“People think a soul mate is your perfect fit, and that’s what everyone wants. But a true soul mate is a mirror, the person who shows you everything that’s holding you back, the person who brings you to your own attention so you can change your life. A true soul mate is probably the most important person you’ll ever meet ,because they tear down your walls and smack you awake. But to live with a soul mate forever? Nah. Too painful. Soul mates, they come into your life just to reveal another layer of yourself to you, and then they leave." - Elizabeth Gilbert, Eat Pray LoveMax had come into my life and showed me so many things and by doing that, changed me into a positively better person (if I may say so myself). I like how this paragraph summarizes everything that makes sense to me. It was his time to leave. And now, it is up to me to keep doing what I have been doing.

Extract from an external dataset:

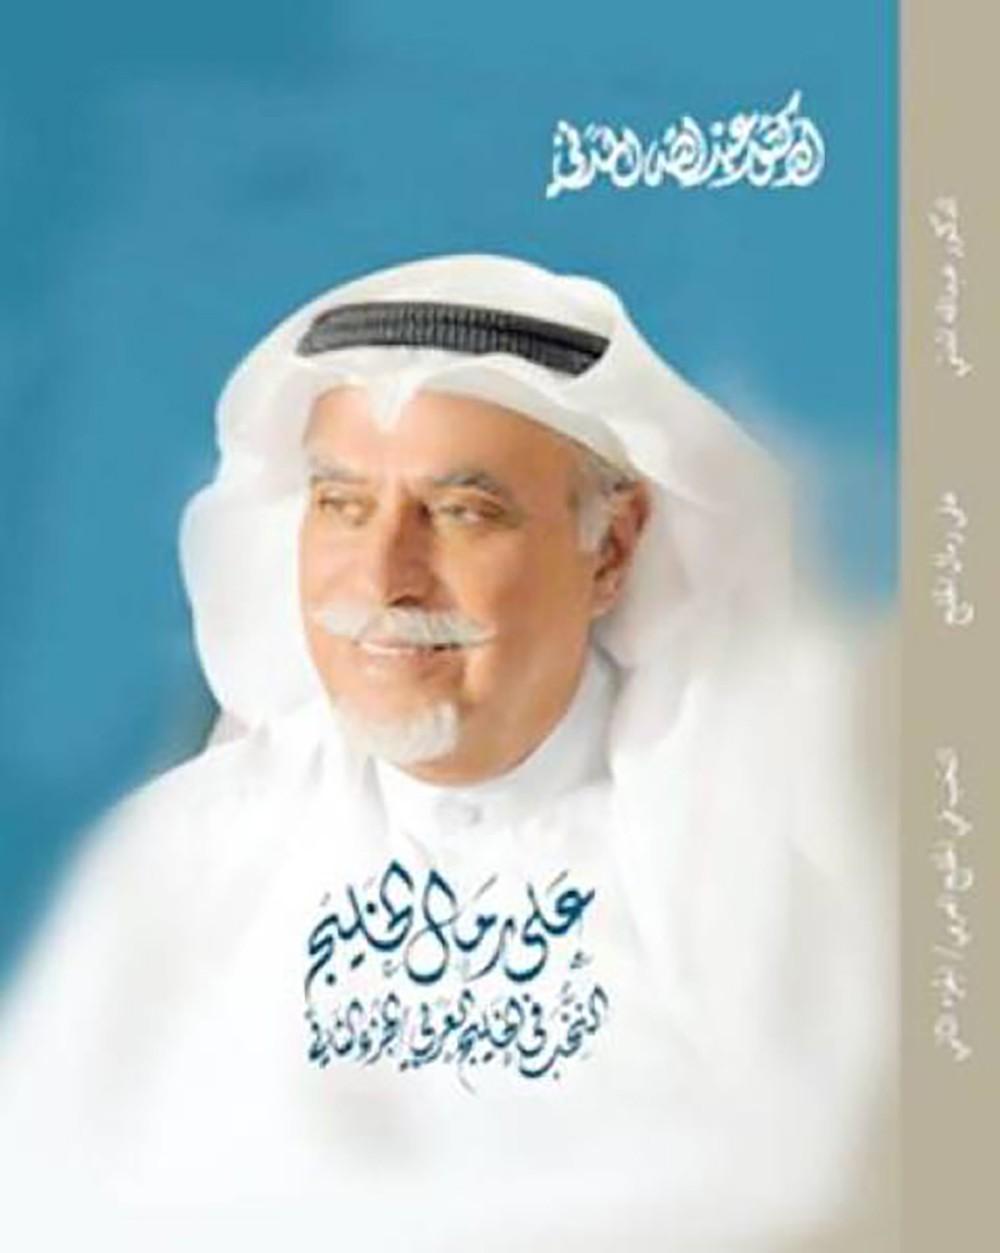 مناقشة أعمال المدني في منتدى البحرين للكتاب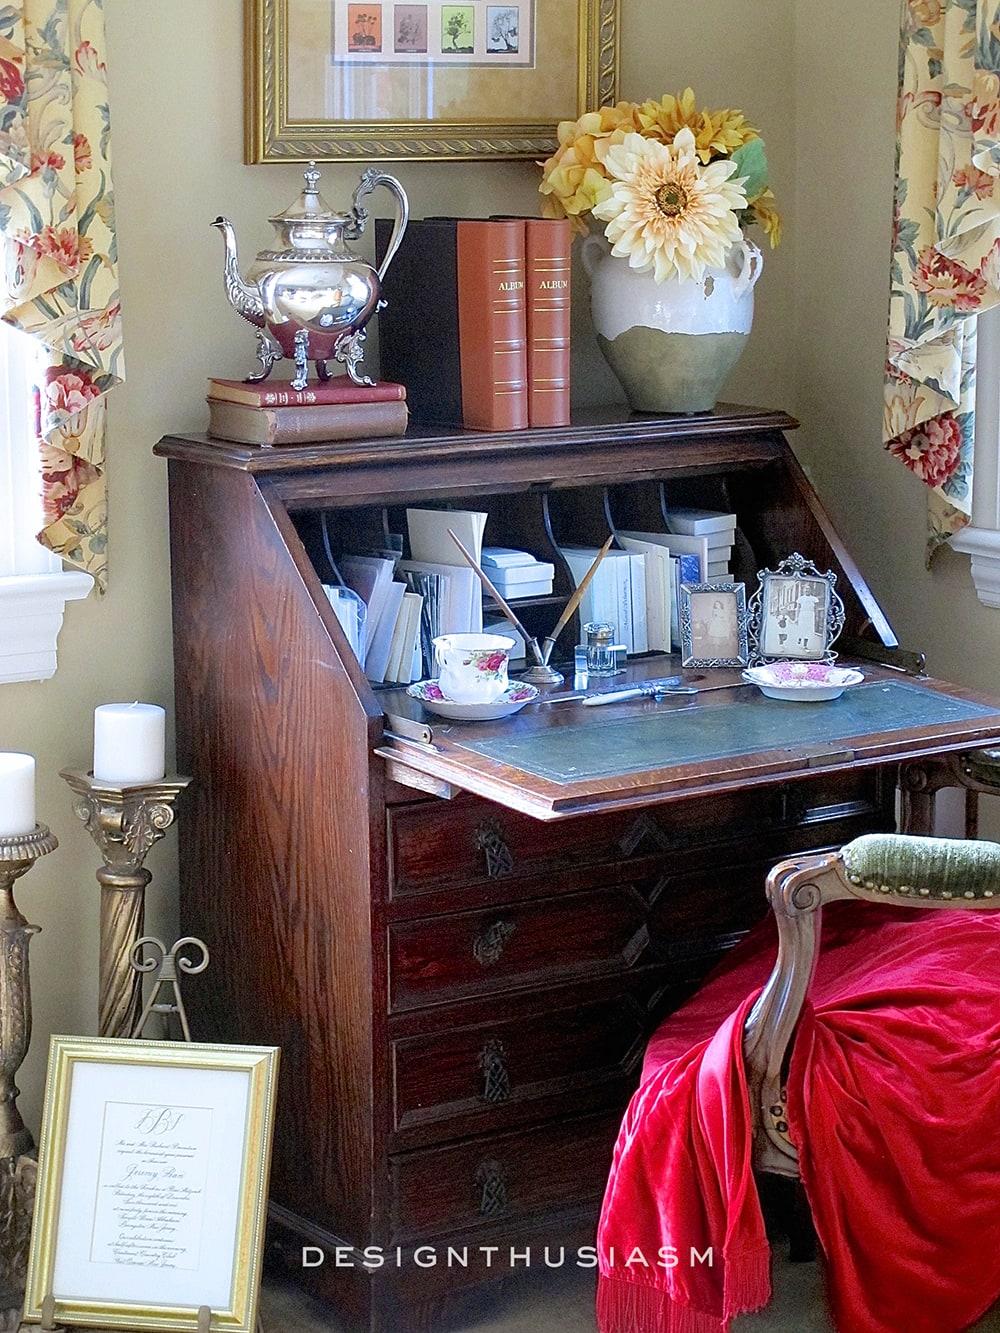 Family Room   Family House Tour   Designthusiasm.com

It's day three since the incident happened. I'm coping, quite well. Shevie (bless that girl, she's been absolutely lovely) told me that I should give myself a time frame for which I will grieve and mourn the loss of someone dear to me. And I will, I'm giving myself a week to cry all I want to think about everything that has happened. I'll give myself a week to drown in self pity wondering why nobody ever loves me the way I would like them too. and by the end of the week (which would be next Thursday), I will keep it all by the side and I will move on. I will not shed a tear anymore for Max, I will not keep bringing up memories that are bound to make me cry. I will not drown in self-pity anymore. I will move on.
I hope that it goes exactly like how I'd like it to go.
Wish me luck? But before that, excuse me while I cry a little bit more and dream about everything that used to be.